United States v. Green

Decision Date08 July 2022
Docket Number2:04-cr-0233
Parties UNITED STATES of America, v. Clarence M. GREEN, Jr., Defendant.
CourtU.S. District Court — Western District of Pennsylvania

Adam N. Hallowell, James R. Wilson, Brendan T. Conway, US Govt Attys, United States Attorney's Office, Pittsburgh, PA, for United States of America.

OPINION

Mark R. Hornak, Chief United States District Judge Sentencing in a criminal case is the most weighty and significant obligation of a federal trial court. The interests and issues involved are at the highest levels of importance and consequence. And many times, they implicate complex and convoluted questions of law.

This particular case involves several just such intricate questions, which the Court is obligated to consider and untangle in turn. To begin with, the Court must apply the nuanced and at times confounding1 "categorical approach" to determine whether the advisory "career offender" provisions of the federal Sentencing Guidelines apply to the Defendant in this case. But the Court's application of the categorical approach is further complicated here by the question of whether a decades-old precedential panel opinion of our Court of Appeals remains "good law" in the face of a more recent en banc decision of that same court that substantially reworked when and how a federal sentencing court is to consider the application notes—or "commentary"—to the Sentencing Guidelines. That later en banc decision appears to have knocked the proverbial pins out from under the prior panel opinion's reasoning—reasoning which already appeared for other reasons to run counter to a string of Supreme Court and Third Circuit decisions before and after that fall squarely on the same topic.

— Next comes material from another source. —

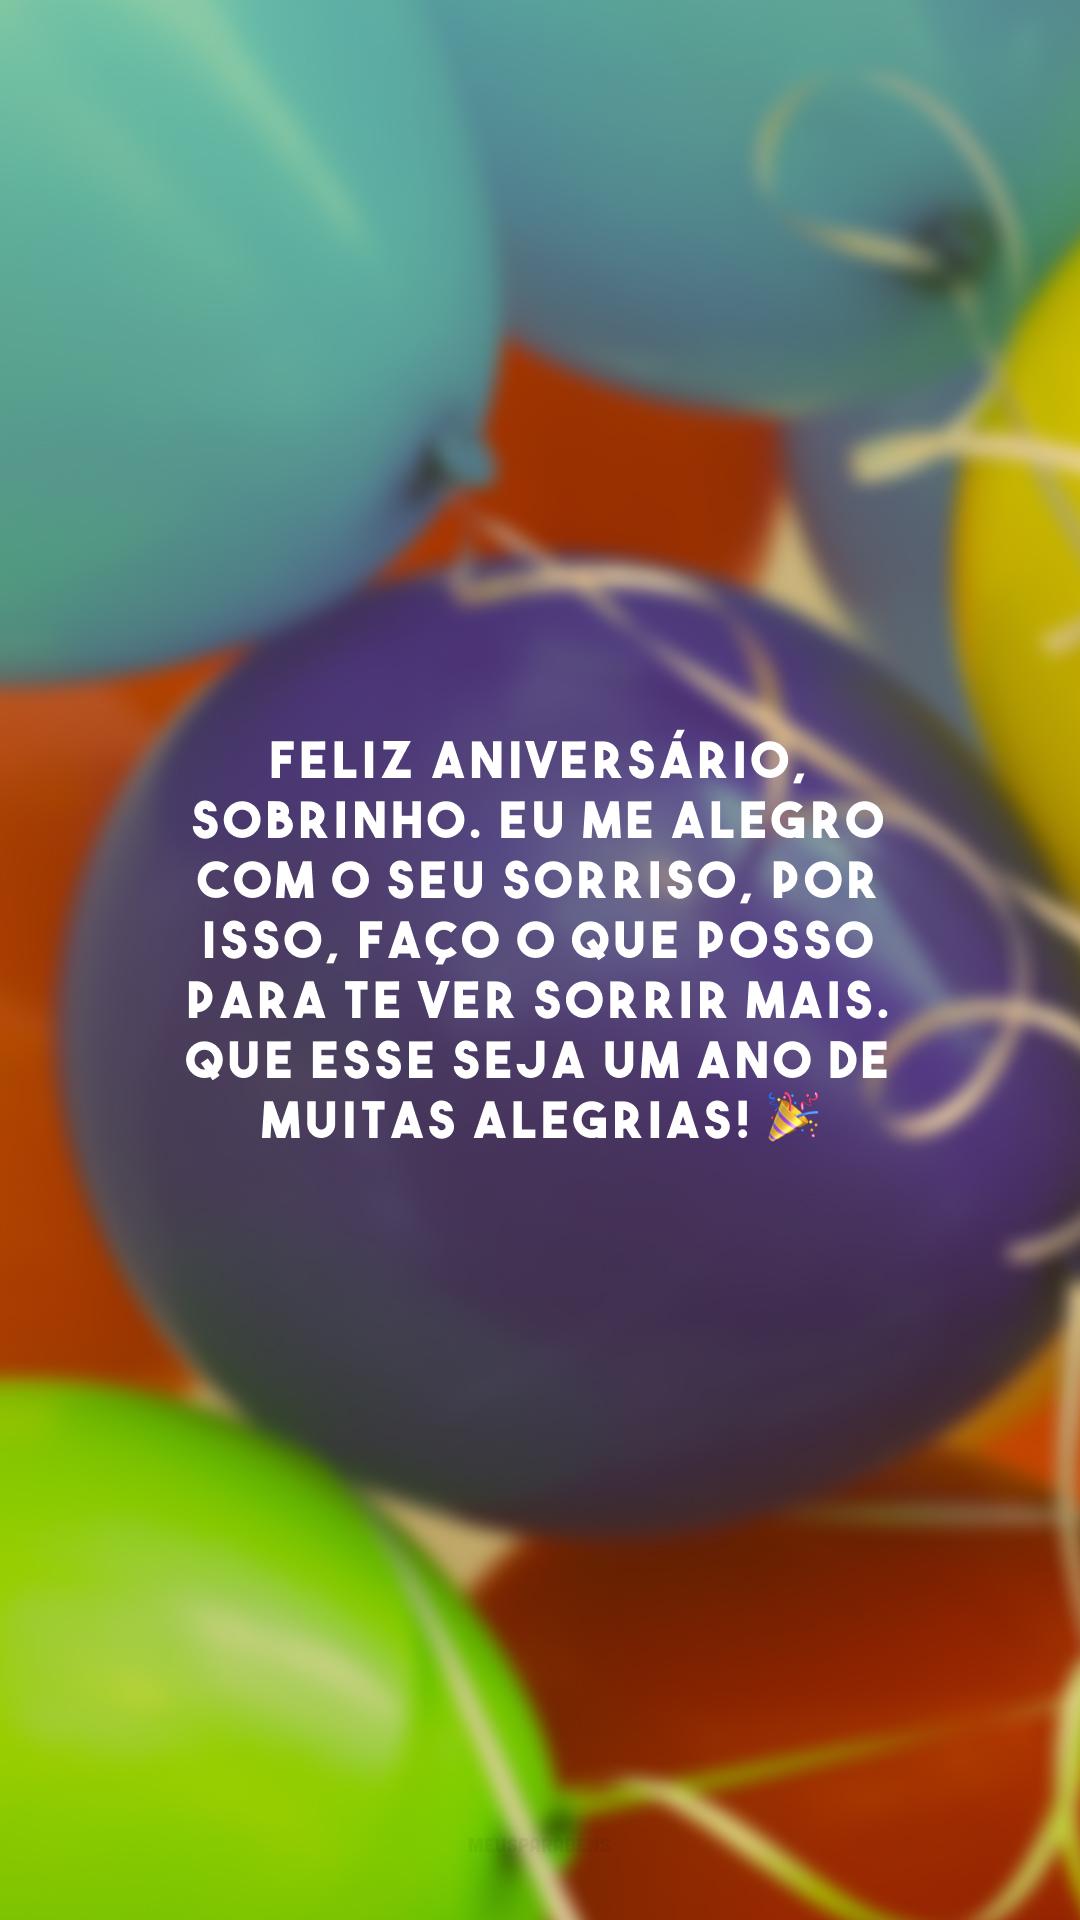 Feliz aniversário, sobrinho. Eu me alegro com o seu sorriso, por isso, faço o que posso para te ver sorrir mais. Que esse seja um ano de muitas alegrias! 🎉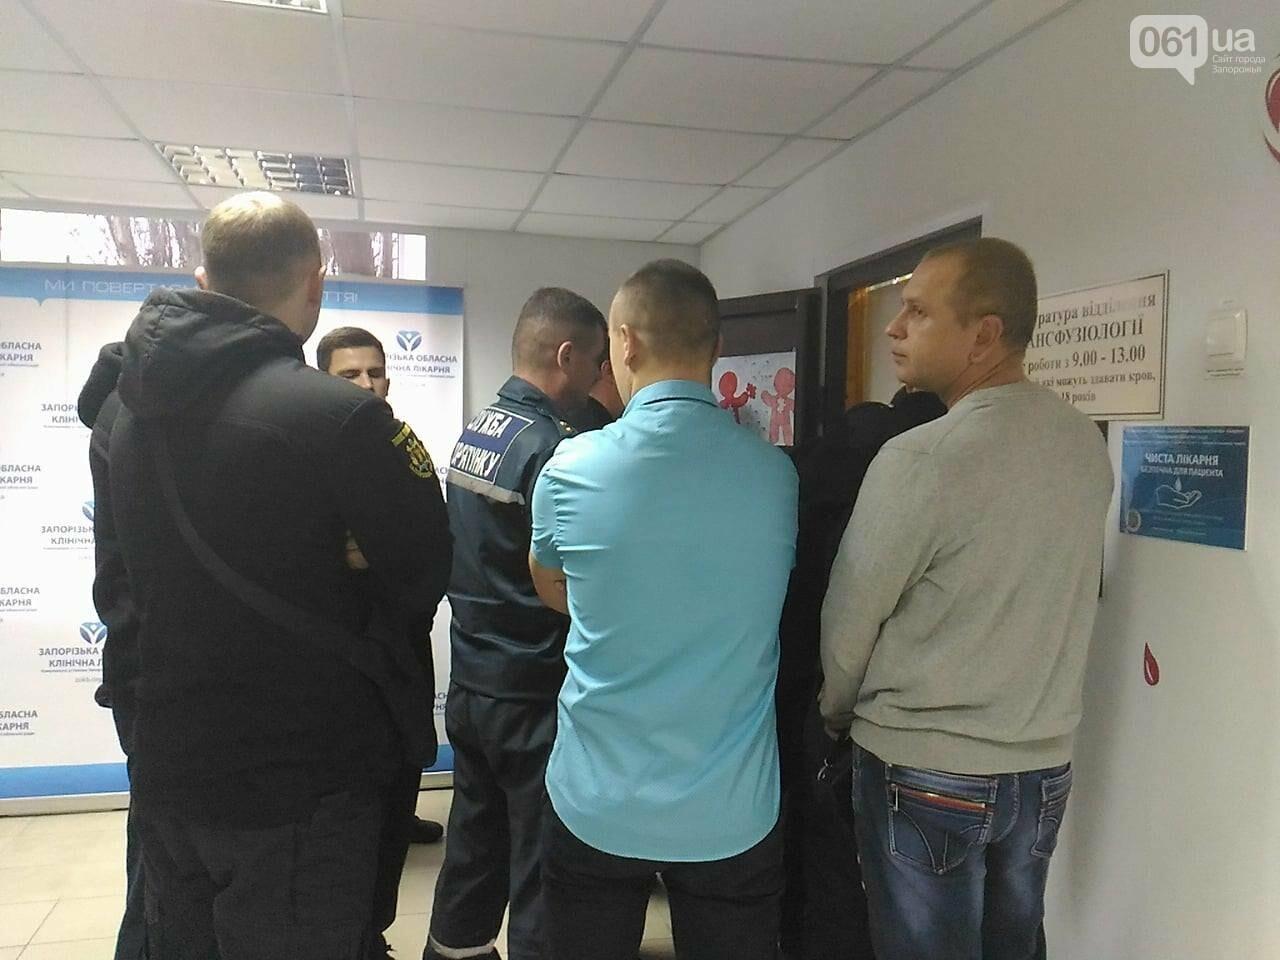 В Запорожье полицейские и спасатели массово сдают кровь: один из доноров - в 147-й раз, - ФОТОРЕПОРТАЖ, фото-7

The defendant in this case, Clarence M. Green, Jr., was sentenced in 2006 to 300 months’ imprisonment for drug- and firearm-related offenses. (ECF No. 112.) In July of 2020, this Court determined that a portion of Mr. Green's sentence, specifically that part which related to an Armed Career Criminal Act ("ACCA") enhancement, was unconstitutional in light of Johnson v. United States , 576 U.S. 591, 135 S.Ct. 2551, 192 L.Ed.2d 569 (2015), and United States v. Mayo , 901 F.3d 218 (3d Cir. 2018). This Court granted Mr. Green's petition under 28 U.S.C. § 2255, vacated his sentence at Count 4, and determined that Mr. Green was entitled to a full resentencing hearing. (ECF Nos. 308–09.)

The Court then ordered an updated Presentence Investigation Report ("PSR") from the Probation Office, which was submitted in September of 2020 (ECF No. 316, "PSR Revisions"). The Government objected to the Probation Office's conclusion in the PSR Revisions that Mr. Green no longer qualified as a "career offender" under United States Sentencing Guidelines ("U.S.S.G.") §§ 4B1.1 and 4B1.2. (ECF No. 320.) The Parties submitted briefing on the matter, and then additional rounds of briefing regarding intervening developments at the Third Circuit and United States Supreme Court—namely, the decisions in Borden v. United States , ––– U.S. ––––, 141 S. Ct. 1817, 210 L.Ed.2d 63 (2021), and United States v. Nasir , 982 F.3d 144 (3d Cir. 2020),2 as well as developments on the Third Circuit's docket in United States v. Harris , No. 17-1861 (3d Cir. appeal docketed Apr. 18, 2017). (See ECF Nos. 318, 320, 322–23, 332–33, 335–37, 341.)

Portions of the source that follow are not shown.